PROMPT. Search the records for the string "leather" and return each line that has it.

DATA RECORDS.
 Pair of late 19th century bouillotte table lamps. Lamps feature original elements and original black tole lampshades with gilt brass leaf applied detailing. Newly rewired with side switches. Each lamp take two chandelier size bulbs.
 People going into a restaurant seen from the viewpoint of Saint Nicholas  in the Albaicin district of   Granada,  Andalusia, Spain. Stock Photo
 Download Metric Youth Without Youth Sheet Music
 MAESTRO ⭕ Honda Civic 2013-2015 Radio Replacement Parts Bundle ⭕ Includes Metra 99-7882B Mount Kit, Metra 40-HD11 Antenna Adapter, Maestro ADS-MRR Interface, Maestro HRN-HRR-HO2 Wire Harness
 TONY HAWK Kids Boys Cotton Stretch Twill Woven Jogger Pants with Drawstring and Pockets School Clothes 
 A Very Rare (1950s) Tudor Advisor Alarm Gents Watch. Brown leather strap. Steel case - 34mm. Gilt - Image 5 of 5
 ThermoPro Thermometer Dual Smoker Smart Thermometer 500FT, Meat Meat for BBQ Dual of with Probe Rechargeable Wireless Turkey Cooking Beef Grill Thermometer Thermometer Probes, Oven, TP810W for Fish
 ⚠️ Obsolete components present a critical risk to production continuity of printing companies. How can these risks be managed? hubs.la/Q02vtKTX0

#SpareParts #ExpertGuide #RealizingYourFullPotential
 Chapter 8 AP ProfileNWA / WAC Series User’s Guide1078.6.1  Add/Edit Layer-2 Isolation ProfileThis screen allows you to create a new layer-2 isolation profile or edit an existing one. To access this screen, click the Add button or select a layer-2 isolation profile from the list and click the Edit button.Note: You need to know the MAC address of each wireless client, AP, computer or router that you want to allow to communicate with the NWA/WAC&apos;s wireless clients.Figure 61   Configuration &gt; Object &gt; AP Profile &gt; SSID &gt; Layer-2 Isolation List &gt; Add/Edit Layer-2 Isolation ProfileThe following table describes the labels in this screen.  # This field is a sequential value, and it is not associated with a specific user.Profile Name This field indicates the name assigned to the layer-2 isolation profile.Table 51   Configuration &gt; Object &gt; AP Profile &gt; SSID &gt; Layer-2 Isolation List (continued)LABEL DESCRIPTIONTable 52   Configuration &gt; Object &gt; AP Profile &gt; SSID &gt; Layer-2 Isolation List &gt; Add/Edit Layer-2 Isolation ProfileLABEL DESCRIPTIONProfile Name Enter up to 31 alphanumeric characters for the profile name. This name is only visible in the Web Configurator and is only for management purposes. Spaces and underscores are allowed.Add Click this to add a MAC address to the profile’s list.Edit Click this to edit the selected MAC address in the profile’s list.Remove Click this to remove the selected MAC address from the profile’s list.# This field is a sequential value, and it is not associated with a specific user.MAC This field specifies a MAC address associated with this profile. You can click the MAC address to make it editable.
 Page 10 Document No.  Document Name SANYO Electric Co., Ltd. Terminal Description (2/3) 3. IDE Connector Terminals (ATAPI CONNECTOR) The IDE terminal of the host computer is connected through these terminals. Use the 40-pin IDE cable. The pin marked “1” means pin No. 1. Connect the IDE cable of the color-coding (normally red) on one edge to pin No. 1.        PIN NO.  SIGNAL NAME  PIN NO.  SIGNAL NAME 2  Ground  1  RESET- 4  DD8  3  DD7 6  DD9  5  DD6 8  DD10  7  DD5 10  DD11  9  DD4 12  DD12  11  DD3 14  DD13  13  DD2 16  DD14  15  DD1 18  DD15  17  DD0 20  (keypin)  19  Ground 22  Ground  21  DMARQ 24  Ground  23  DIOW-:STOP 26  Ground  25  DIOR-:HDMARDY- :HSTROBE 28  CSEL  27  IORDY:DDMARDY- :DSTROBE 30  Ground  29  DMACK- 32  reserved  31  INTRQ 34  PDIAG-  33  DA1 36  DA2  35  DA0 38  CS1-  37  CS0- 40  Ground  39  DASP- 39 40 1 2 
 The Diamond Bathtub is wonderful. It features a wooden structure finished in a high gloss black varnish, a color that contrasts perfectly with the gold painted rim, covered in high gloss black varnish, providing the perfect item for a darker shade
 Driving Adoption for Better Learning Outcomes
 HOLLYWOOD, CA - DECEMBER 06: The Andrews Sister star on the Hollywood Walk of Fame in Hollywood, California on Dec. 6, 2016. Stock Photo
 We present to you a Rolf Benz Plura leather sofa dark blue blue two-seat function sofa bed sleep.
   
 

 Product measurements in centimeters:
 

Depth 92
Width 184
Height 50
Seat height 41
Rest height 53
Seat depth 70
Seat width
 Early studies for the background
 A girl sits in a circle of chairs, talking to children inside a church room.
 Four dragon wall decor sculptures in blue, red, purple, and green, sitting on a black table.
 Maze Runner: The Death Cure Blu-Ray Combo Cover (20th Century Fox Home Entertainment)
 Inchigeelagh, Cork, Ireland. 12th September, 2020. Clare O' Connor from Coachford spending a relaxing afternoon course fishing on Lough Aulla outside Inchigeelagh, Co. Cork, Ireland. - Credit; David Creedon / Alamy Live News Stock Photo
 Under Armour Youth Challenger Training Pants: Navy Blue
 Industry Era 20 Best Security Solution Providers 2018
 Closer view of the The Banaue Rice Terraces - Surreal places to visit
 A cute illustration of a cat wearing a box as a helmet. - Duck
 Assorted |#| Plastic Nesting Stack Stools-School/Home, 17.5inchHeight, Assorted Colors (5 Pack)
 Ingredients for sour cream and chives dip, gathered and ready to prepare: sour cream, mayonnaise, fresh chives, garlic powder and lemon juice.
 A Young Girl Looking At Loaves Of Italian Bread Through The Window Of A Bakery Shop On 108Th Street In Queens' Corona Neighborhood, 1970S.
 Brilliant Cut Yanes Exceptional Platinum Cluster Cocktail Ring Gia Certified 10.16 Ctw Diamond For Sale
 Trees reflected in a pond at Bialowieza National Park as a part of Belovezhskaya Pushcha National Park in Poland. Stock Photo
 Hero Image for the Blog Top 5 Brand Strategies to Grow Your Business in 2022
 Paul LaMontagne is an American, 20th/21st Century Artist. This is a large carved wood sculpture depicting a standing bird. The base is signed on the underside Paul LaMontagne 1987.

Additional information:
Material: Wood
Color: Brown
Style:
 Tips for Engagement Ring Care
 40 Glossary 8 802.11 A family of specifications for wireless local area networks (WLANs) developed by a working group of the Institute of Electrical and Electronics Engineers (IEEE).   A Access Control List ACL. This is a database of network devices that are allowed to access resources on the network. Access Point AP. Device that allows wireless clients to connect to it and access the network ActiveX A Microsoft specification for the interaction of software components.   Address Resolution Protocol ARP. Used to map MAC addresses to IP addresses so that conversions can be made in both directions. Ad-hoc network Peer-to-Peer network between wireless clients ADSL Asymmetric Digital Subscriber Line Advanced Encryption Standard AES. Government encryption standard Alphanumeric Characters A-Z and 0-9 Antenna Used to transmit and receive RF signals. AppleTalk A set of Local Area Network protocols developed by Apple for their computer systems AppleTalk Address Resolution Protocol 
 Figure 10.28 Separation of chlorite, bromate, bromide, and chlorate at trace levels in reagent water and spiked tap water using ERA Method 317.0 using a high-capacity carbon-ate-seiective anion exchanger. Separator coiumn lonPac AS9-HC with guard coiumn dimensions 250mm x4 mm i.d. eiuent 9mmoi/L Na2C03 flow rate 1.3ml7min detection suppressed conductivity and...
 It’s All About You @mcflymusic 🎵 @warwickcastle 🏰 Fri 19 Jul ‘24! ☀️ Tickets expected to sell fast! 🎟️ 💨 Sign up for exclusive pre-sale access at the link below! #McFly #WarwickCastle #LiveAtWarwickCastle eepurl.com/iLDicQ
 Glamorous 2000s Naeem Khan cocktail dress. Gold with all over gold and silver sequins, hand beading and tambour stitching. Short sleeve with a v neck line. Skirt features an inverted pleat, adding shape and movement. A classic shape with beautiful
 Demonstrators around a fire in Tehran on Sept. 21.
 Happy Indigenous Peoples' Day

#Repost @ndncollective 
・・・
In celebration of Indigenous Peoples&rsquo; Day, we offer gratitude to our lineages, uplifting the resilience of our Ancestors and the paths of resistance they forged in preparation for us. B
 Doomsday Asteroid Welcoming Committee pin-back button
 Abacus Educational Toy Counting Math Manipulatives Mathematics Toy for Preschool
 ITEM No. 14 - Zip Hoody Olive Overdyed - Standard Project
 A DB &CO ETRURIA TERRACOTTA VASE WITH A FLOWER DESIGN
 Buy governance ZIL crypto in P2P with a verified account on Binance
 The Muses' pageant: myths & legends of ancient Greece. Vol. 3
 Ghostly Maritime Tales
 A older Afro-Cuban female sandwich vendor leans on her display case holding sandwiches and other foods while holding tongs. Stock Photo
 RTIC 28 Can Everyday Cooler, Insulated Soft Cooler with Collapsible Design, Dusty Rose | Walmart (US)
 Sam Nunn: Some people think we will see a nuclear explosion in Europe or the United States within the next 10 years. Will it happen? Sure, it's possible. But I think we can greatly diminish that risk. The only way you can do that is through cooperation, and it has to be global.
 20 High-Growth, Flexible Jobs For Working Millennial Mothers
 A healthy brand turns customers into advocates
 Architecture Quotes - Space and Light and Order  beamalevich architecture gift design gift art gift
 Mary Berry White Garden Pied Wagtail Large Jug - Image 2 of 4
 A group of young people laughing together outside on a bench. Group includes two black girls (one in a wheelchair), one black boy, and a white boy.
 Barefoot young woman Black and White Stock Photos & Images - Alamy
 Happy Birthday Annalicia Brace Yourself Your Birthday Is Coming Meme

COMPLETED TASK.
 A Very Rare (1950s) Tudor Advisor Alarm Gents Watch. Brown leather strap. Steel case - 34mm. Gilt - Image 5 of 5
 We present to you a Rolf Benz Plura leather sofa dark blue blue two-seat function sofa bed sleep.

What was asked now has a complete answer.